Em quarto lugar, Lucas enfatiza a presença de testemunhas oculares e repetidamente se refere ao que eles viram com seus próprios olhos: “foi Jesus elevado às alturas, à vista deles, e uma nuvem o encobriu dos seus olhos. E, estando eles com os olhos fitos no céu, enquanto Jesus subia... Os dois anjos, então, lhes disseram: por que estais olhando para as alturas? Esse Jesus... assim virá do modo como o vistes subir”(At 1:9-11). Neste relato extremamente curto, por cinco vezes é enfatizado que a ascensão foi um acontecimento visível. Lucas não escreveu essas frases à toa. Ele tem muito a dizer em seus registros sobre a importância da confirmação do evangelho pelo testemunho dos apóstolos. E aqui ele inclui a ascensão de Jesus entre as verdades históricas que as testemunhas oculares podiam certificar(e certificaram). De fato, quando Judas é substituído, Pedro faz do batismo de João e da ascensão de Jesus o início e o fim do ministério público acerca do qual os apóstolos precisam testemunhar(Atos 1:22).

Em quinto lugar, não existe uma explicação alternativa para justificar o fim das aparições após a ressurreição e o fato de Jesus ter desaparecido da terra. O que, então, aconteceu a ele e por que ele deixou de aparecer? Qual foi a origem da tradição de que as suas aparições duraram quarenta dias exatos? Em vista da falta de outras respostas a essas perguntas, damos preferências à explicação para a qual há evidencias, ou seja, o período de quarenta dias começou com a ressurreição e terminou com a ascensão.

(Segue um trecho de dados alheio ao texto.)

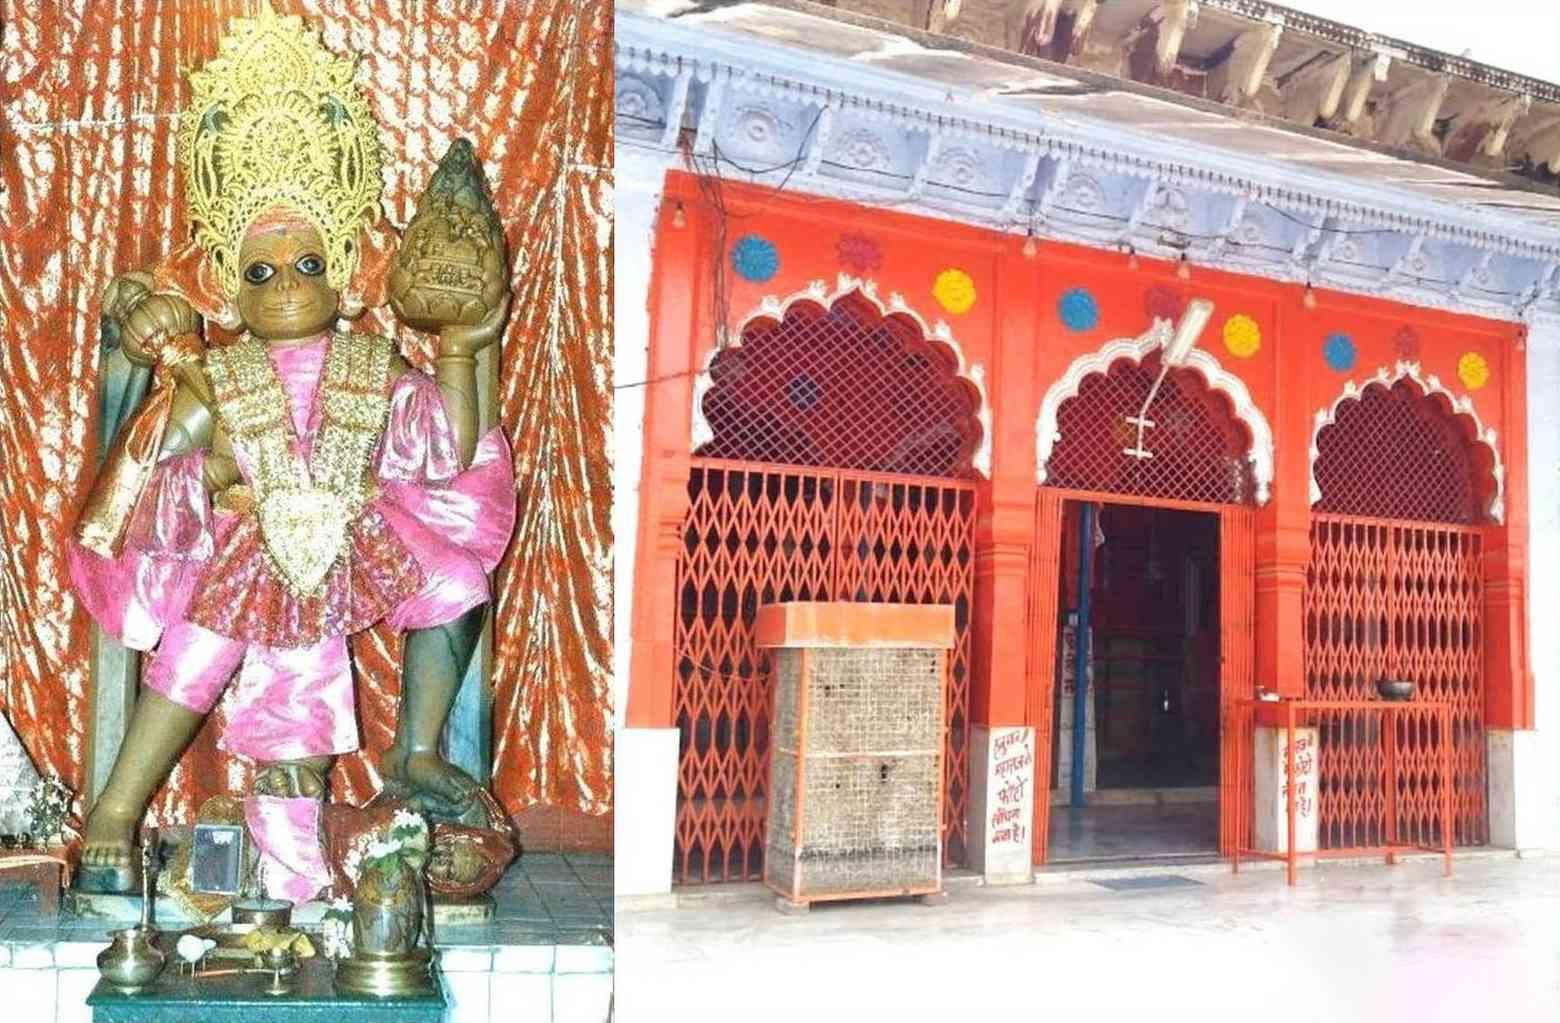 Mandir Shri Ram Janki and Hanuman Ji

Em sexto lugar, a ascensão histórica e visível tinha um propósito inteligível. Jesus não precisava fazer uma viagem pelo espaço, e é tolice da parte de alguns críticos ridicularizarem sua ascensão, apresentando-o como o primeiro cosmonauta. Não, na transição de seu estado terreno para o celestial, Jesus poderia, perfeitamente, sumir como em outras ocasiões, voltando para o Pai secretamente, de forma invisível. A razão para uma ascensão pública e visível certamente é que ele desejava que os discípulos soubessem que ele estava partindo de vez. Ele passou aqueles quarenta dias, aparecendo, desaparecendo e reaparecendo. Mas esse período havia terminado. Dessa vez, sua partida era definitiva. Portanto, eles não deviam aguardar uma outra aparição. Pelo contrário, deveriam esperar outra pessoa, o Espírito Santo(At 1:4). Pois o Espírito viria somente após a partida de Jesus, e então os discípulos estariam aptos a dar inicio à missão no poder que receberiam dele.

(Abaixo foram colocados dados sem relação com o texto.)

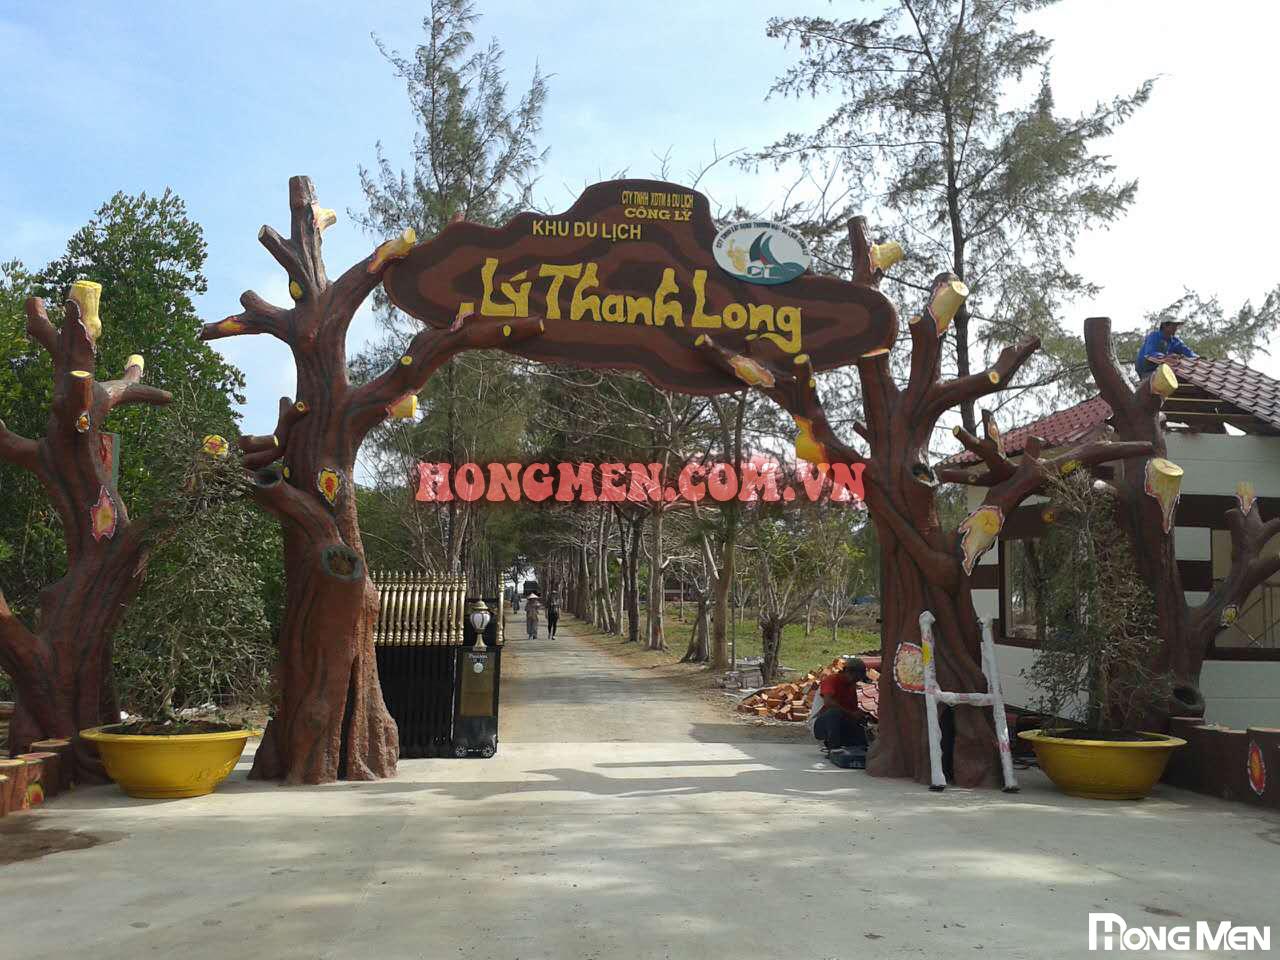 KDL Lý Thanh Long

De qualquer modo, a forma como partiu (uma ascensão visível) atingiu o efeito planejado. Os apóstolos voltaram para Jerusalém e esperaram pelo Espírito Santo [1]. “E, adorando-o eles, tornaram com grande júbilo para Jerusalém”(Lc 24:52).

II. A TEOLOGICIDADE DA ASCENSÃO DE CRISTO

A Ascensão é o evento pelo qual Cristo cumpriu o seu ministério terreno, concluiu suas aparições pós-ressurreição, deixou a Terra, e subiu para o Céu, de onde aguardamos o seu retorno, conforme nos garante a Palavra de Deus.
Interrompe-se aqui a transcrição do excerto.